Fitting wells#

This notebook introduces the concept of fitting wells and how they are used in gwrefpy. The methodology originates from the description by its author Strandanger (2024).

This notebook can be downloaded from the source code here.

To analyse deviations in groundwater level timeseries, the gwrefpy methodology relies on observation wells and reference wells. To check for deviations in an observation well, we fit its data to a reference well using regression. When fitting the two wells, we specify a calibration period. If data outside of the calibration period does not follow the fitted regression, a deviation has occurred.

In this notebook, we will dive deeper into the fitting workflow and showcase this library’s associated capabilities.

import gwrefpy as gr
import pandas as pd
import matplotlib.pyplot as plt
import warnings
warnings.filterwarnings("ignore")
gr.set_log_level("ERROR")
plt.set_loglevel("ERROR")

Data#

In this notebook, we will work with data provided by gwrefpy. Let’s load the model using its file name and plot the observation well and reference well separately.

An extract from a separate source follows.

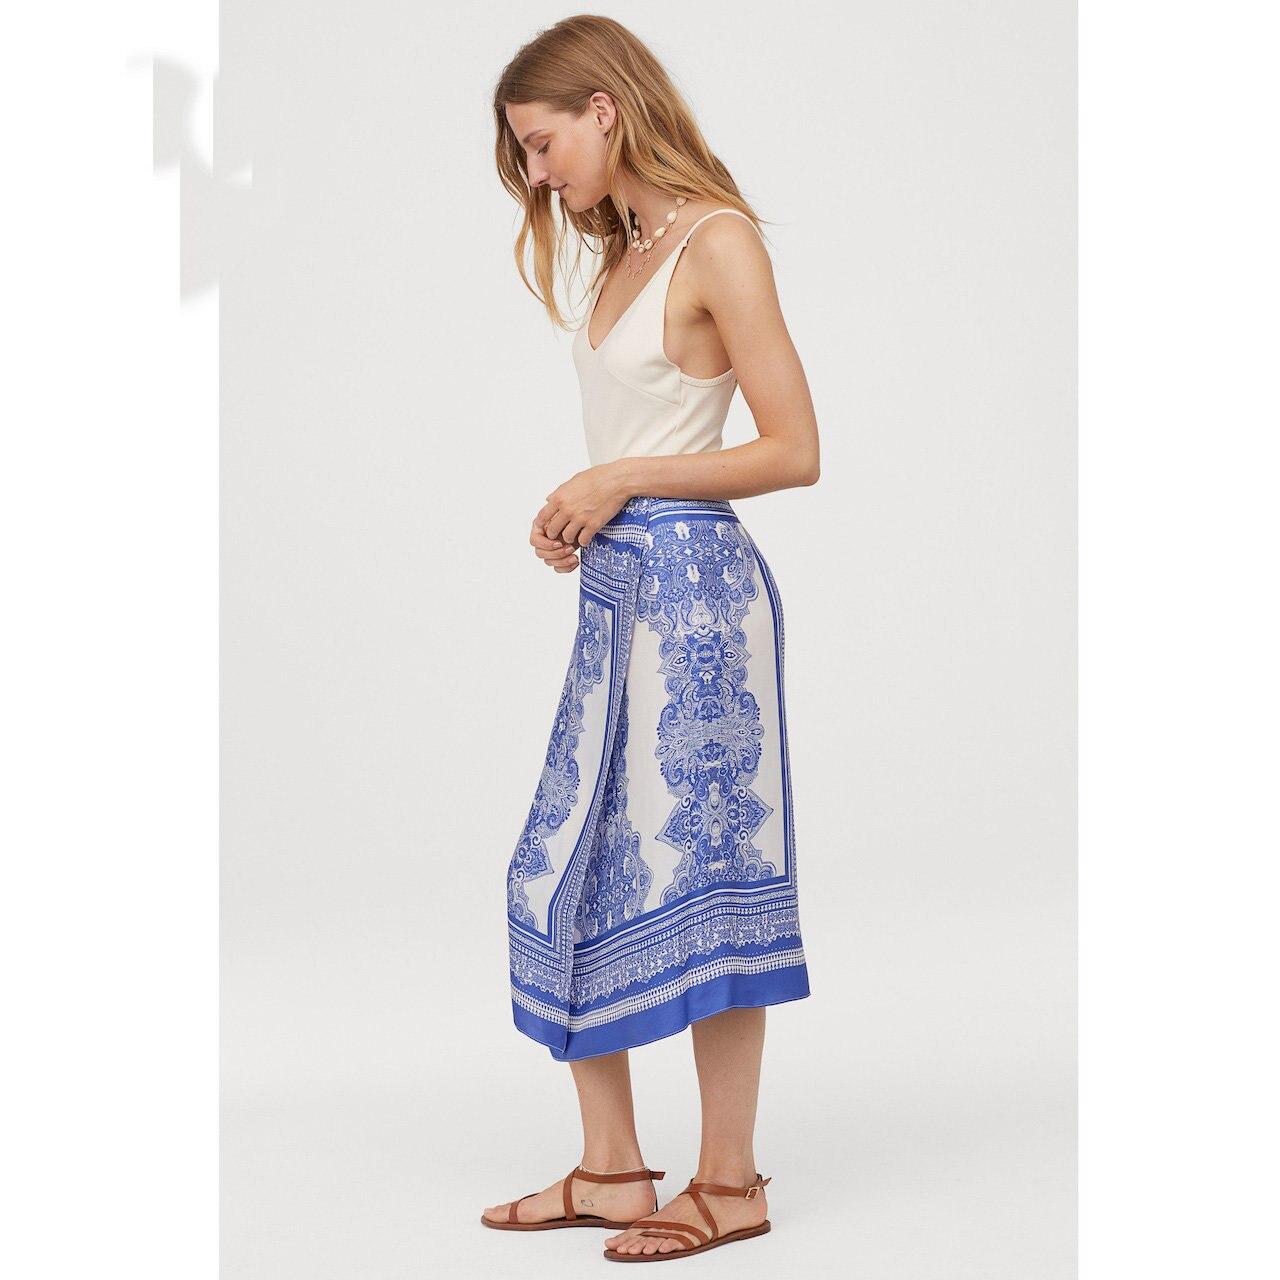 Western Style 2019 Summer New Style WOMEN'S Dress Elegant Versatile Slimming French Wrap-Style Satin Win Skirt

model = gr.Model("deviation_example.gwref")
model
Model(name='deviation example', wells=2, fits=0)

Hide code cell source

fig, (up, down) = plt.subplots(nrows=2, sharex=True)
model.plot_wells(model.obs_wells, ax=up)
model.plot_wells(model.ref_wells, ax=down)

up.set_title("obs wells")
down.set_title("ref wells")

up.legend()
down.legend()

fig.autofmt_xdate(rotation=45)
../_images/86a10b014b9d4560c014f16cd693f3943d1138537748b4ef27a99311b66b43e8.png

Anatomy of a fit#

Let’s walk through the anatomy of a fit by fitting the observation well 12GIPGW to the reference well 45LOGW. To fit wells within a model, we call model.fit() which has the following signature:

help(model.fit)
Help on method fit in module gwrefpy.fitbase:

fit(obs_well: gwrefpy.well.Well | list[gwrefpy.well.Well] | str | list[str], ref_well: gwrefpy.well.Well | list[gwrefpy.well.Well] | str | list[str], offset: pandas._libs.tslibs.offsets.DateOffset | pandas._libs.tslibs.timedeltas.Timedelta | str, aggregation: Literal['mean', 'median', 'min', 'max'] = 'mean', p: float = 0.95, method: Literal['linearregression'] = 'linearregression', tmin: pandas._libs.tslibs.timestamps.Timestamp | str | None = None, tmax: pandas._libs.tslibs.timestamps.Timestamp | str | None = None, report: bool = True) -> gwrefpy.fitresults.FitResultData | list[gwrefpy.fitresults.FitResultData] method of gwrefpy.model.Model instance
    Fit reference well(s) to observation well(s) using regression.
    
    Parameters
    ----------
    obs_well : Well | list[Well] | str | list[str]
        The observation well(s) to use for fitting. Can be Well objects,
        well names (strings), or lists of either. If a list is provided,
        each well will be paired with the corresponding reference well by index.
    ref_well : Well | list[Well] | str | list[str]
        The reference well(s) to use for fitting. Can be Well objects,
        well names (strings), or lists of either. If a list is provided,
        each well will be paired with the corresponding observation well by index.
    offset: pd.DateOffset | pd.Timedelta | str
        The offset to apply to the time series when grouping within time
        equivalents.
    aggregation: Literal["mean", "median", "min", "max"], optional
        The aggregation method to use when grouping data points within time
        equivalents (default is "mean").
    p : float, optional
        The confidence level for the fit (default is 0.95).
    method : Literal["linearregression"]
        Method with which to perform regression. Currently only supports
        linear regression.
    tmin: pd.Timestamp | str | None = None
        Minimum time for calibration period.
    tmax: pd.Timestamp | str | None = None
        Maximum time for calibration period.
    report: bool, optional
        Whether to print fit results summary (default is True).
    
    Returns
    -------
    FitResultData | list[FitResultData]
        If single wells are provided, returns a single FitResultData object.
        If lists of wells are provided, returns a list of FitResultData objects
        for each obs_well/ref_well pair.
    
    Raises
    ------
    ValueError
        If lists are provided but have different lengths.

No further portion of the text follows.